- **WORK ITEM**: Without the pictures, repeat the listing character for character.

- **DATA PROVIDED**:

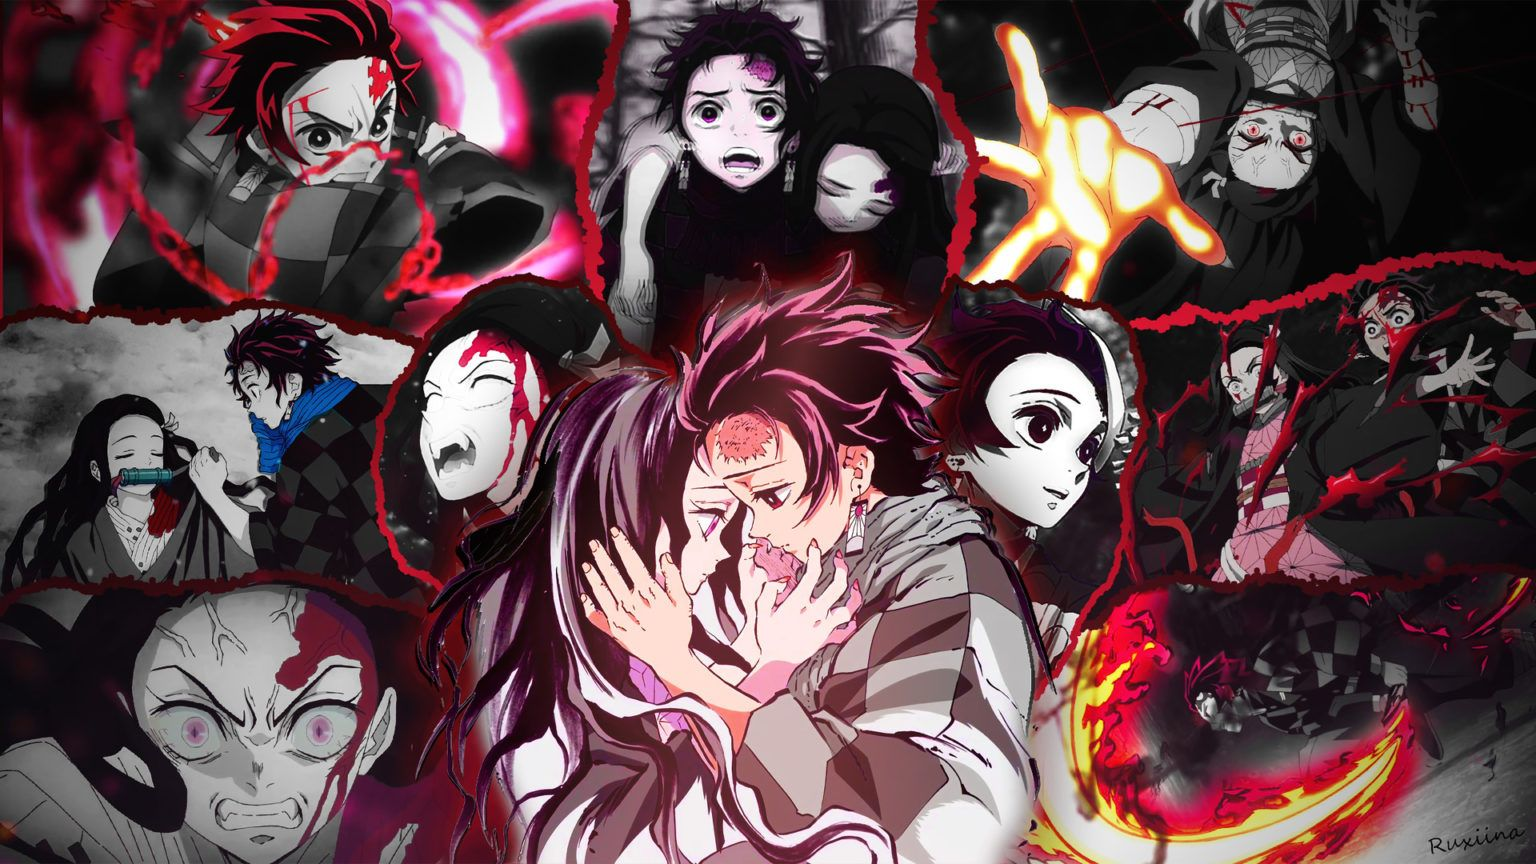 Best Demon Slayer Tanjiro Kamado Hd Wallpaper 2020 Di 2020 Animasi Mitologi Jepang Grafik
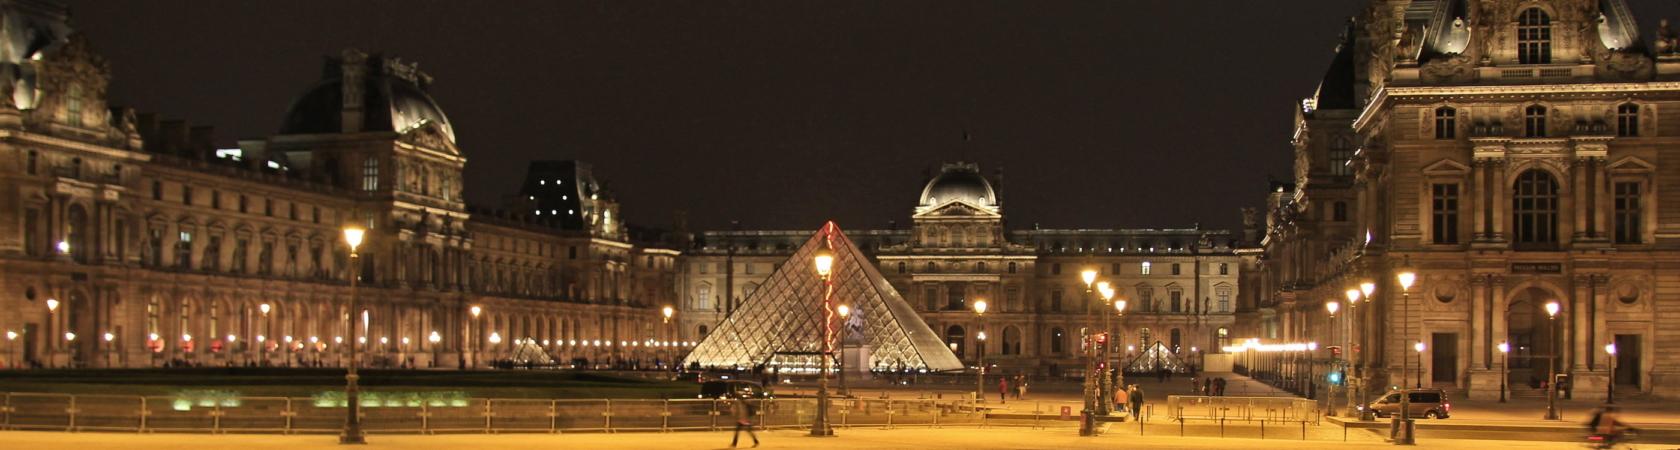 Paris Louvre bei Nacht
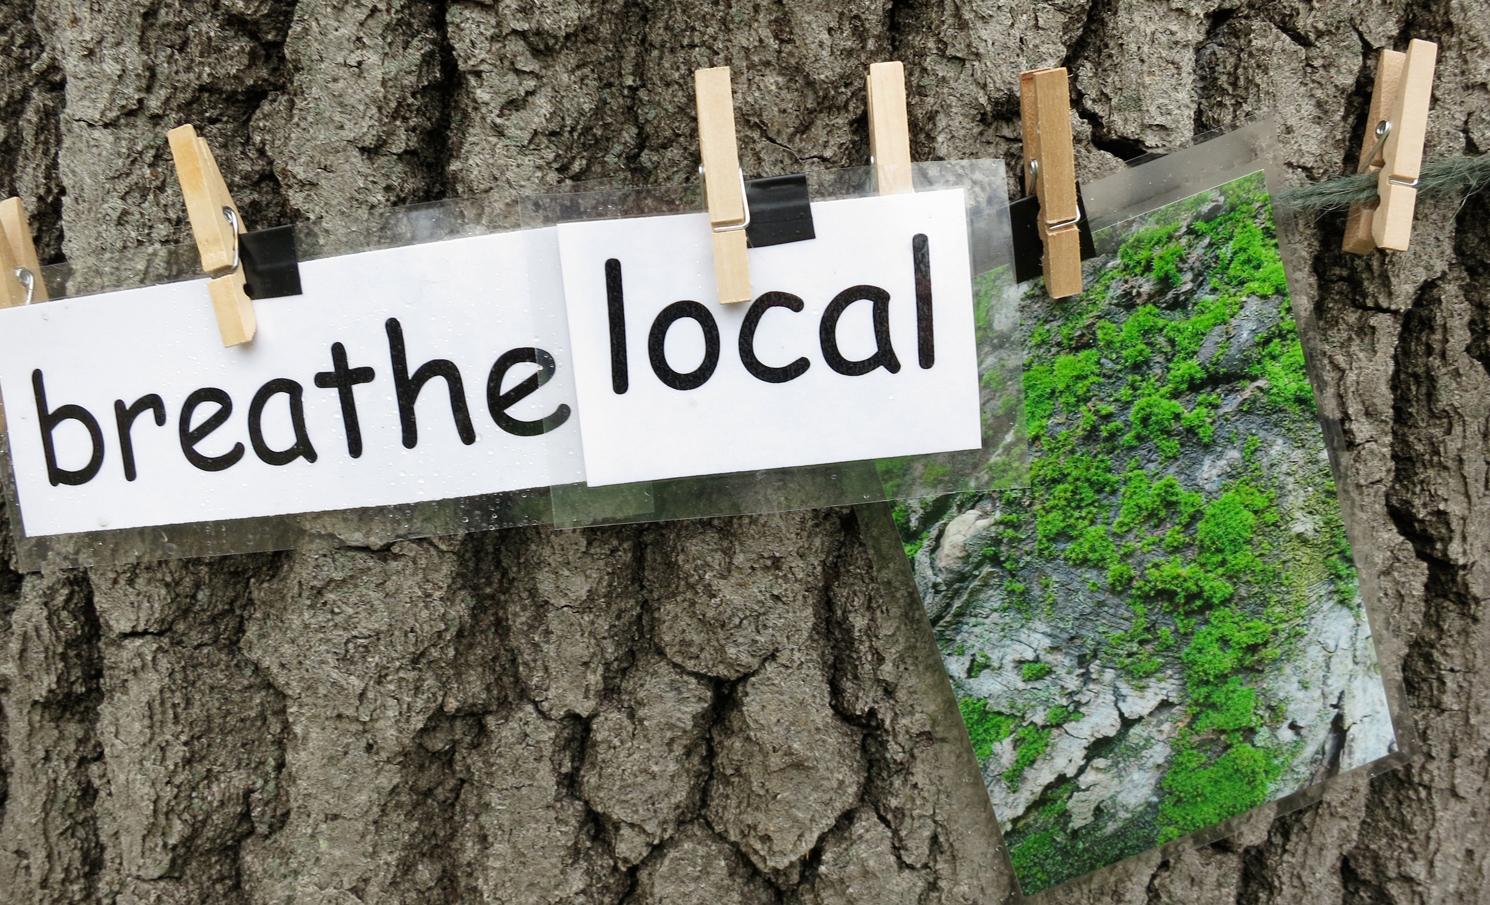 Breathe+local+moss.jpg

- **OUTPUT FOR THIS EXERCISE**:
 Best Demon Slayer Tanjiro Kamado Hd Wallpaper 2020 Di 2020 Animasi Mitologi Jepang Grafik
 Paris Louvre bei Nacht
 Breathe+local+moss.jpg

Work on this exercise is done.